━━━━━ Stored data ━━━━━

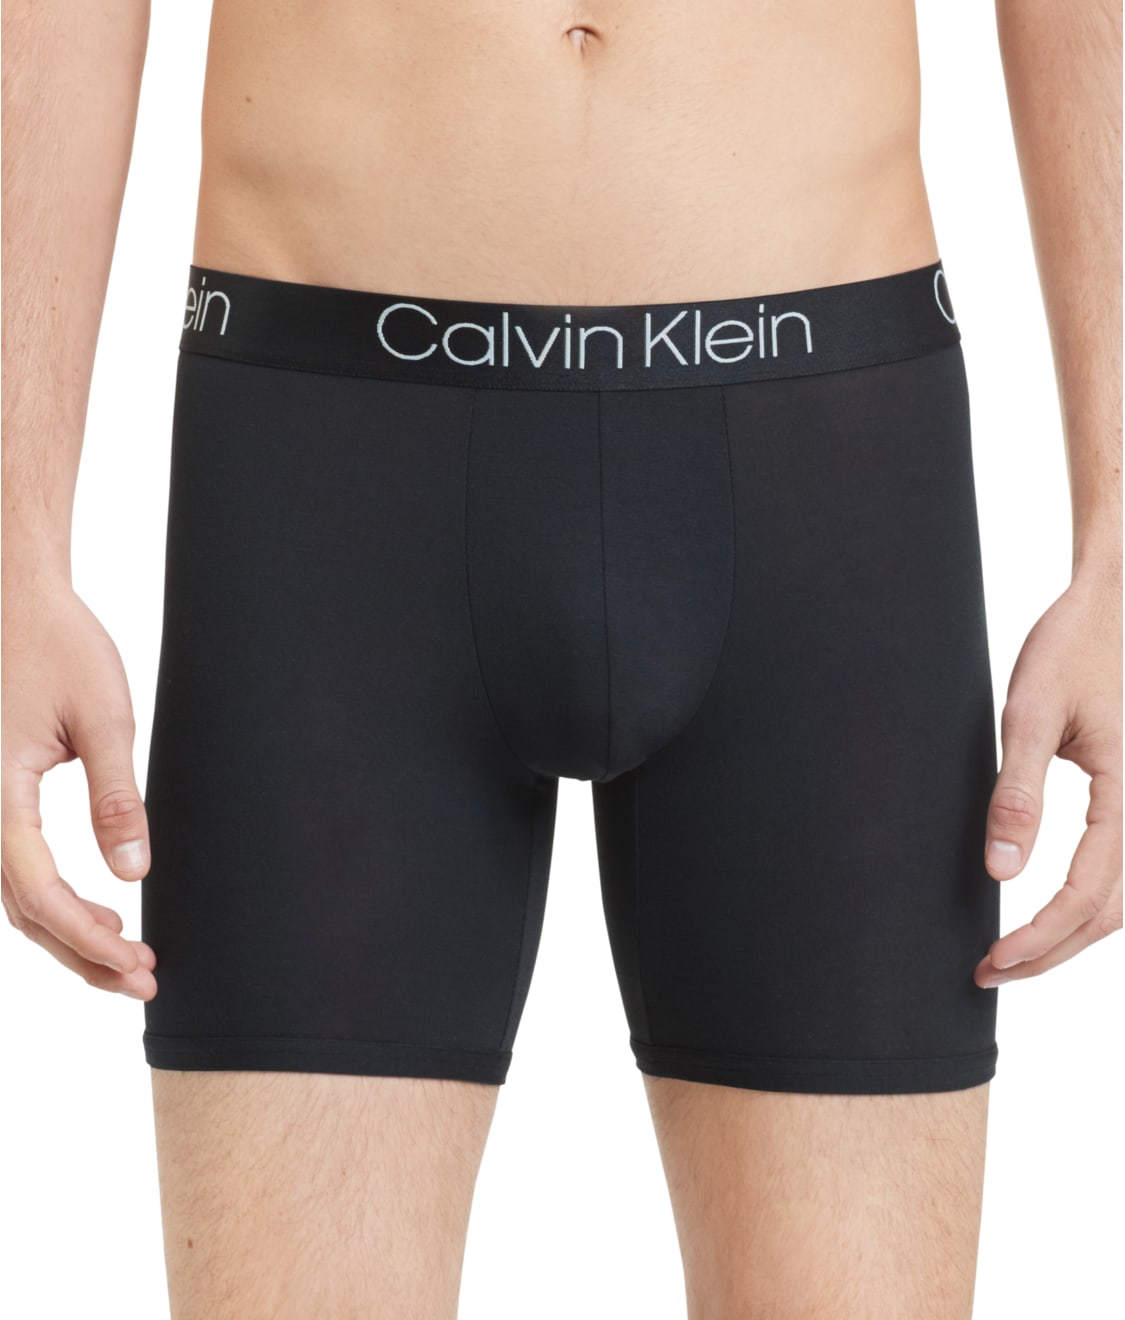 Calvin Klein: Ultra-Soft Modal Boxer Brief NB1797
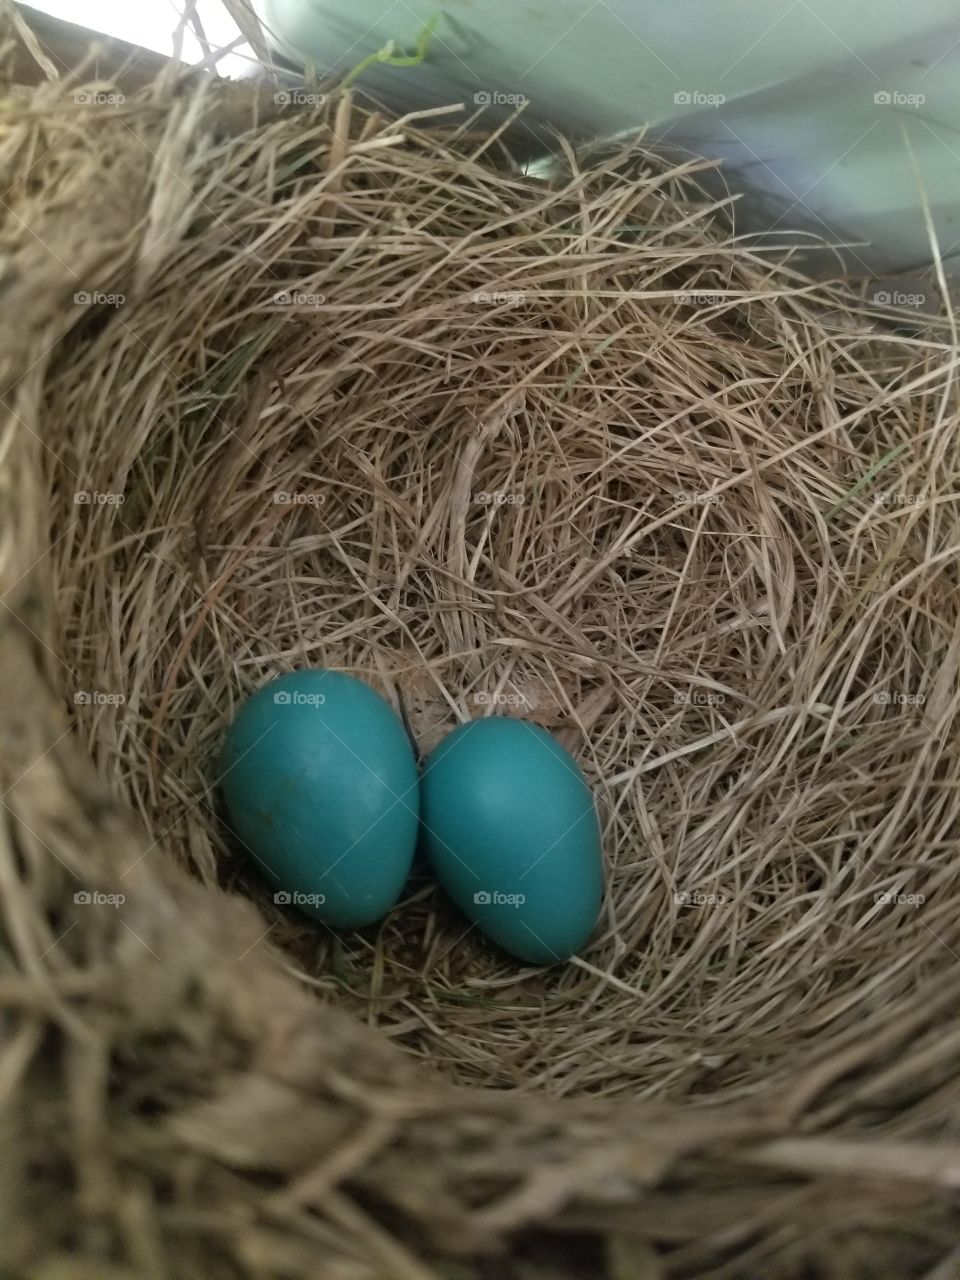 Blue eggs in nest
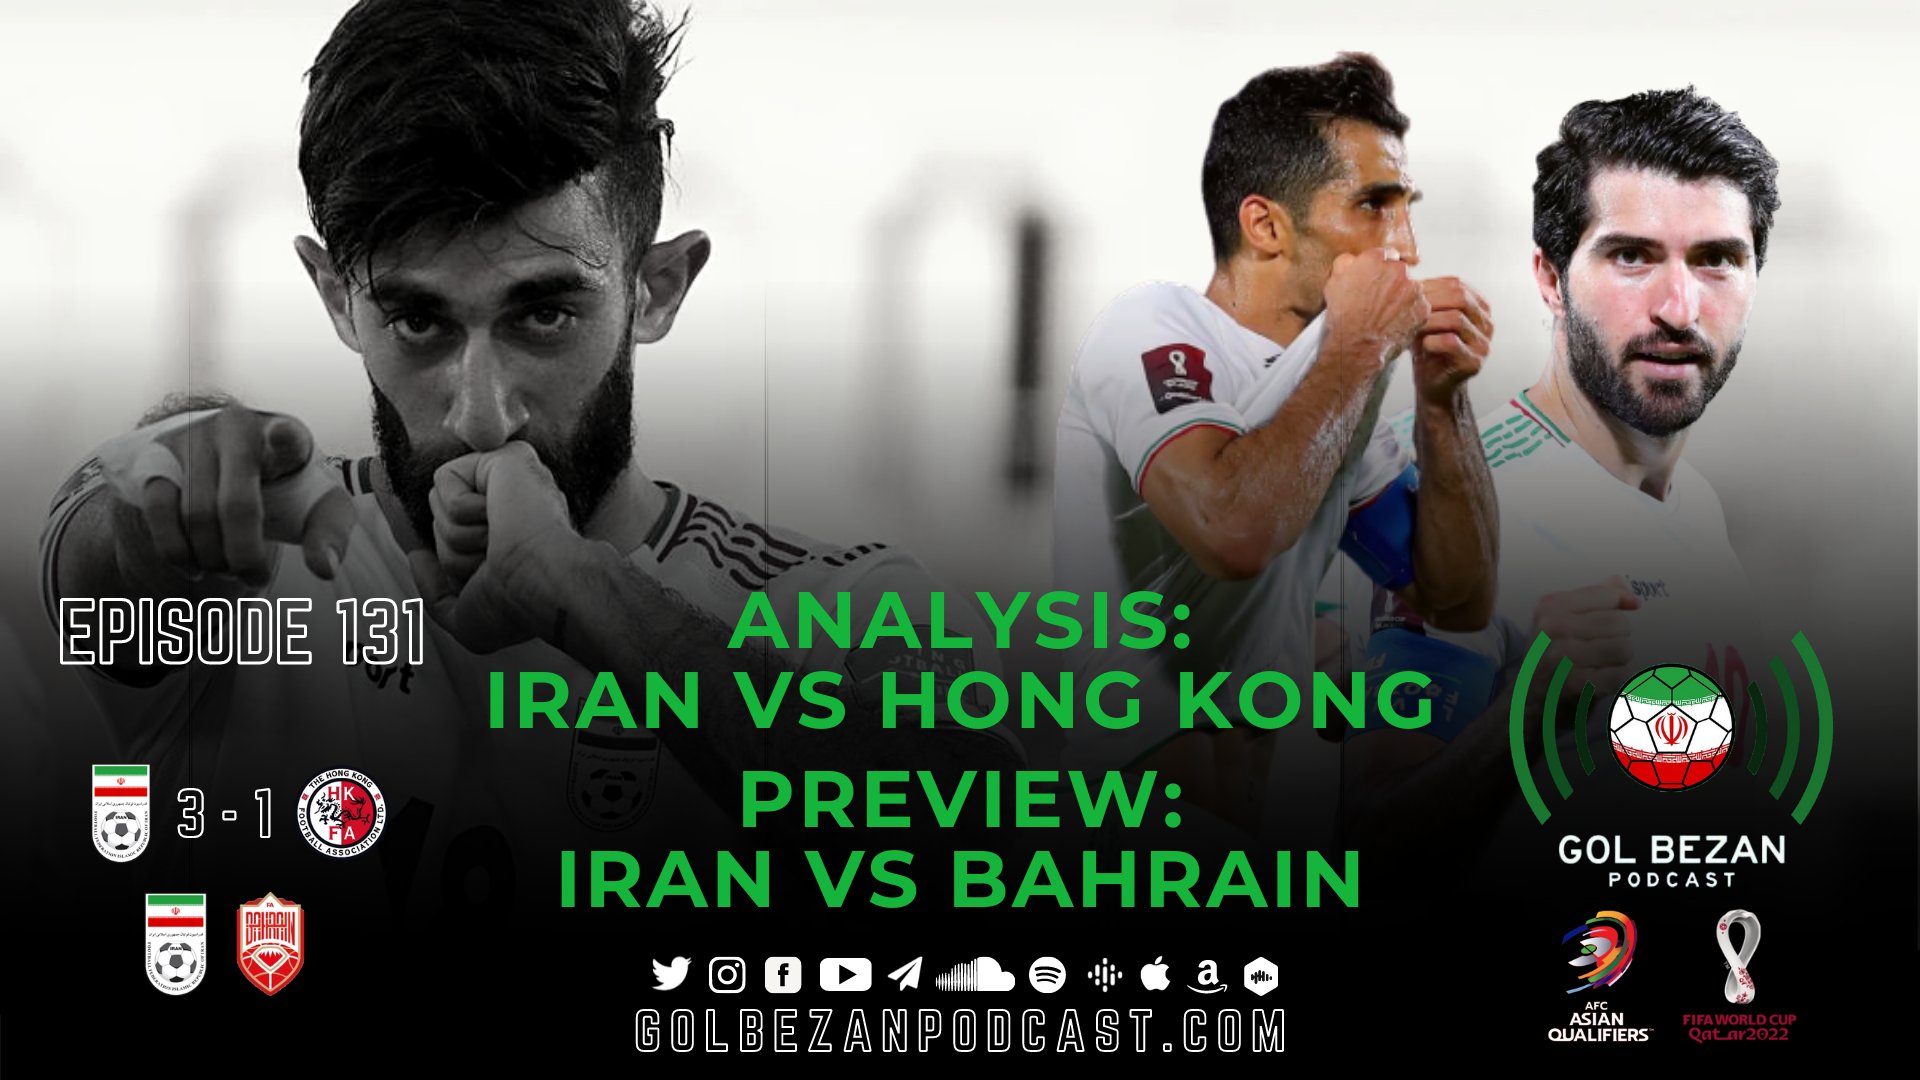 Analysis: Iran 3 - 1 Hong Kong | Preview: Iran vs. Bahrain

━━━━━

### Work instruction
Write the material out again exactly. Skip each picture.

### Answer section
 Calvin Klein: Ultra-Soft Modal Boxer Brief NB1797
 Blue eggs in nest
 Analysis: Iran 3 - 1 Hong Kong | Preview: Iran vs. Bahrain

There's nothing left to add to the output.